American actor and filmmaker (1883–1939)

Douglas Elton Fairbanks Sr. (born Douglas Elton Thomas Ullman; May 23, 1883 – December 12, 1939) was an American actor and filmmaker best known for being the first actor to play the masked vigilante Zorro and other swashbuckling roles in silent films. One of the biggest stars of the silent era, Fairbanks was referred to as "The King of Hollywood". He was also a founding member of United Artists as well as the Motion Picture Academy and hosted the 1st Academy Awards in 1929.

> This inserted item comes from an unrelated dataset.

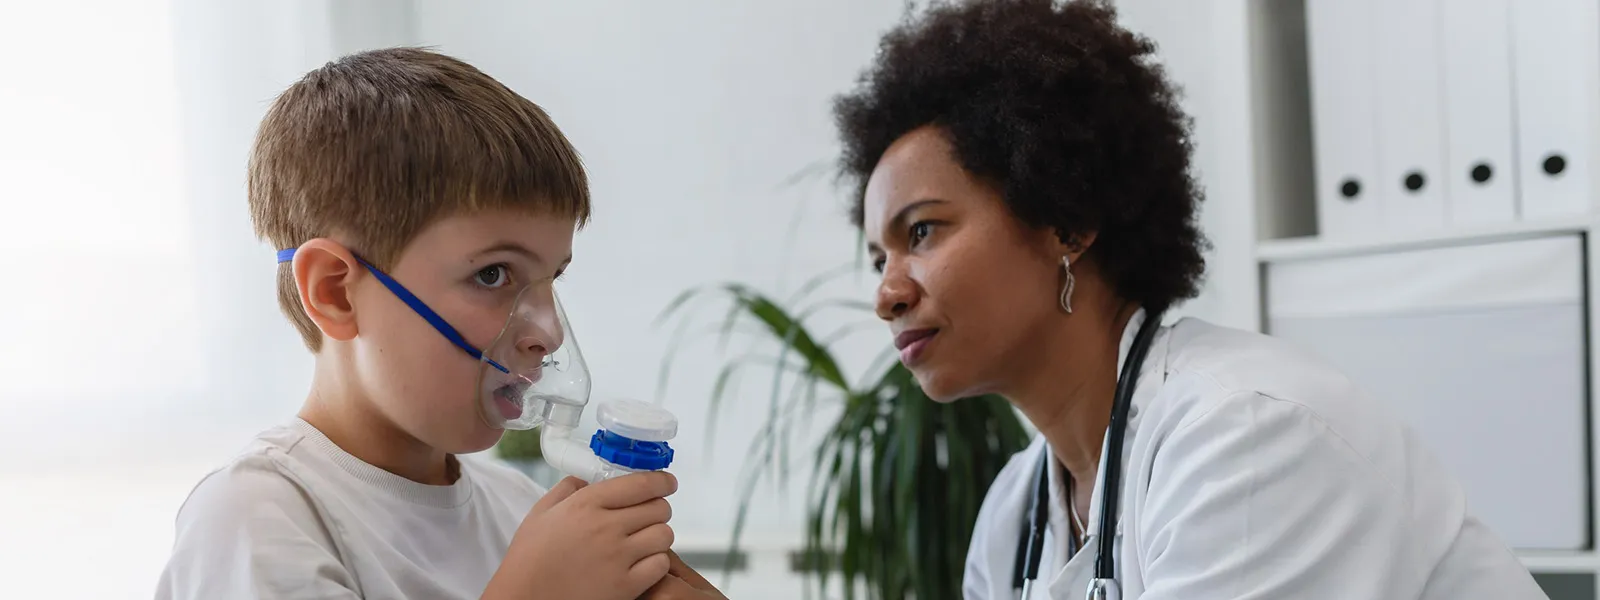 A nurse administering inhalation treatment to a young child.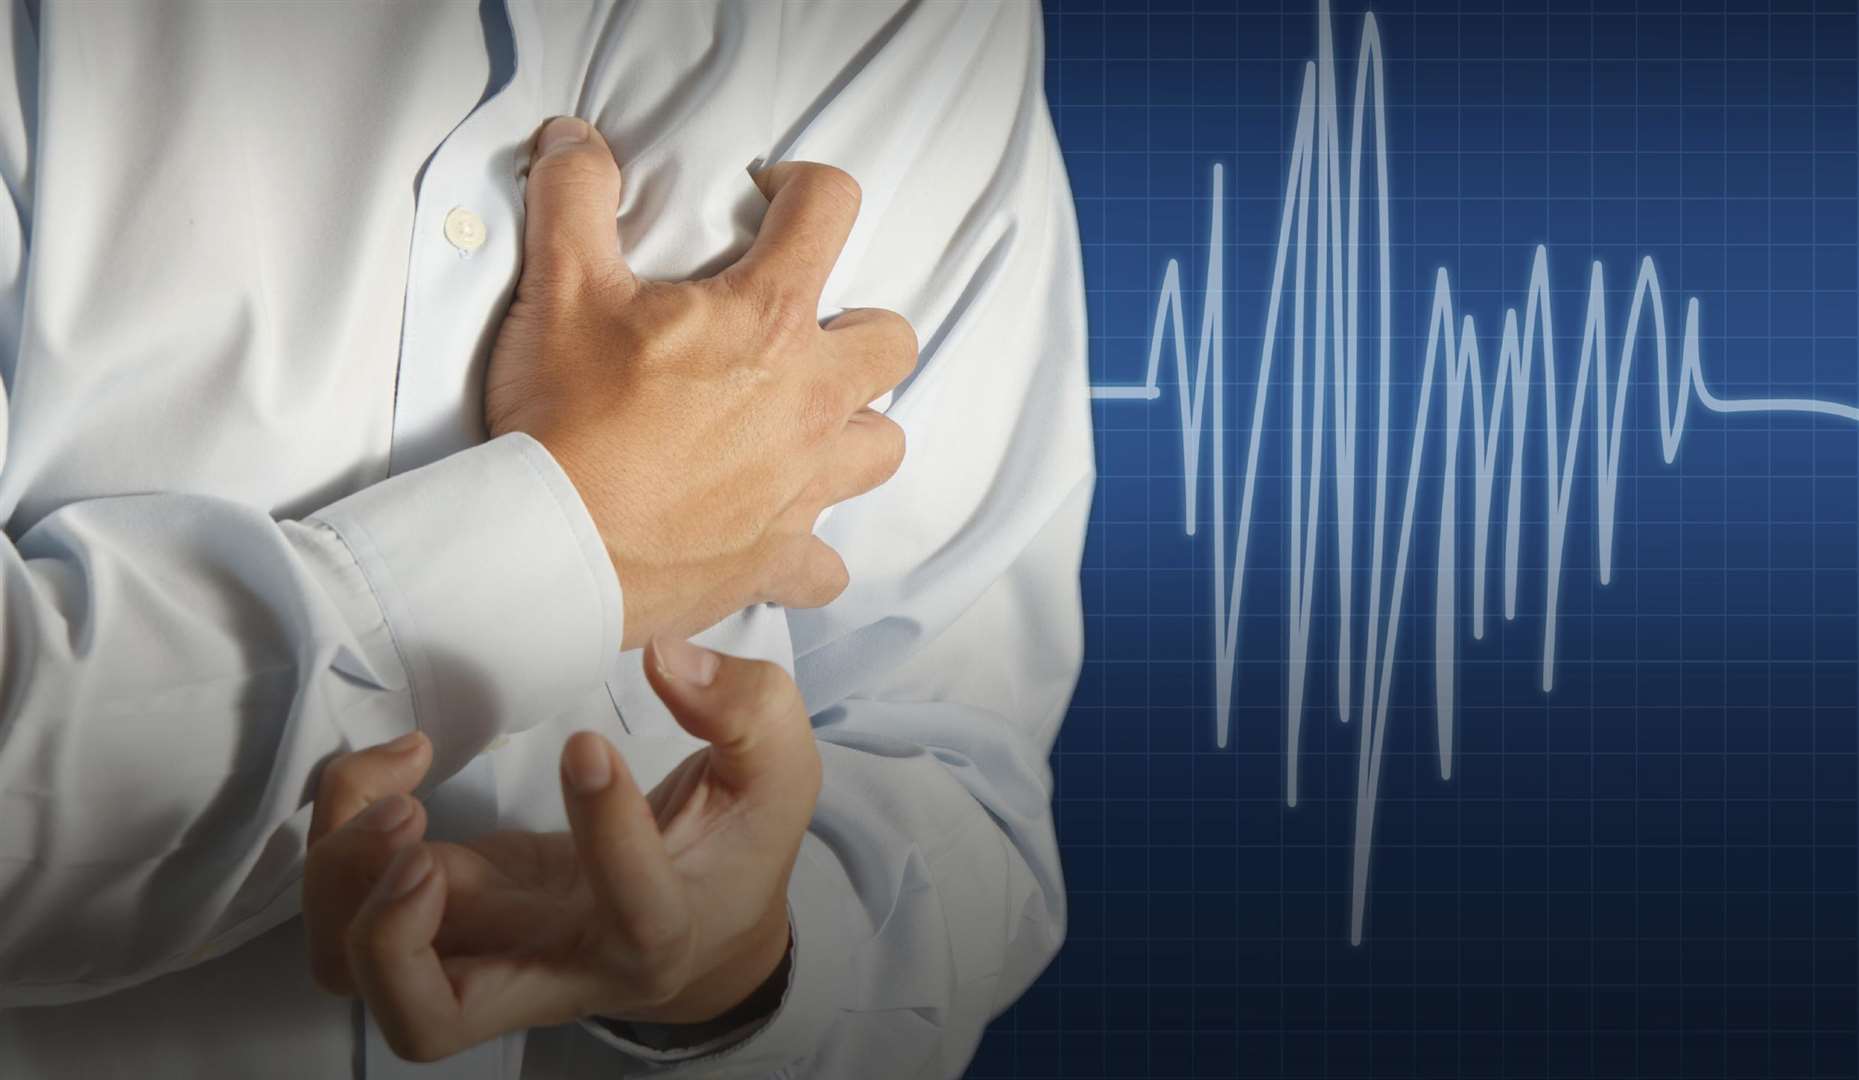 Cardiovascular disease (CVD) - with stroke and heart attack being the most common examples - is the leading cause of death for men and the second leading cause of death for women (istock.com)

Born in Denver, Colorado, Fairbanks started acting from an early age and established himself as an accomplished stage actor on Broadway by the late 1800s. He made his film debut in 1915 and quickly became one of the most popular and highest paid actors in Hollywood. In 1919, he co-founded United Artists alongside Charlie Chaplin, Mary Pickford and D. W. Griffith. Fairbanks married Pickford in 1920 and the couple came to be regarded as "Hollywood royalty". Primarily a comedic actor early in his career, he moved into the adventure genre with the 1920 film The Mark of Zorro and found further success in films including Robin Hood (1922) and The Thief of Bagdad (1924).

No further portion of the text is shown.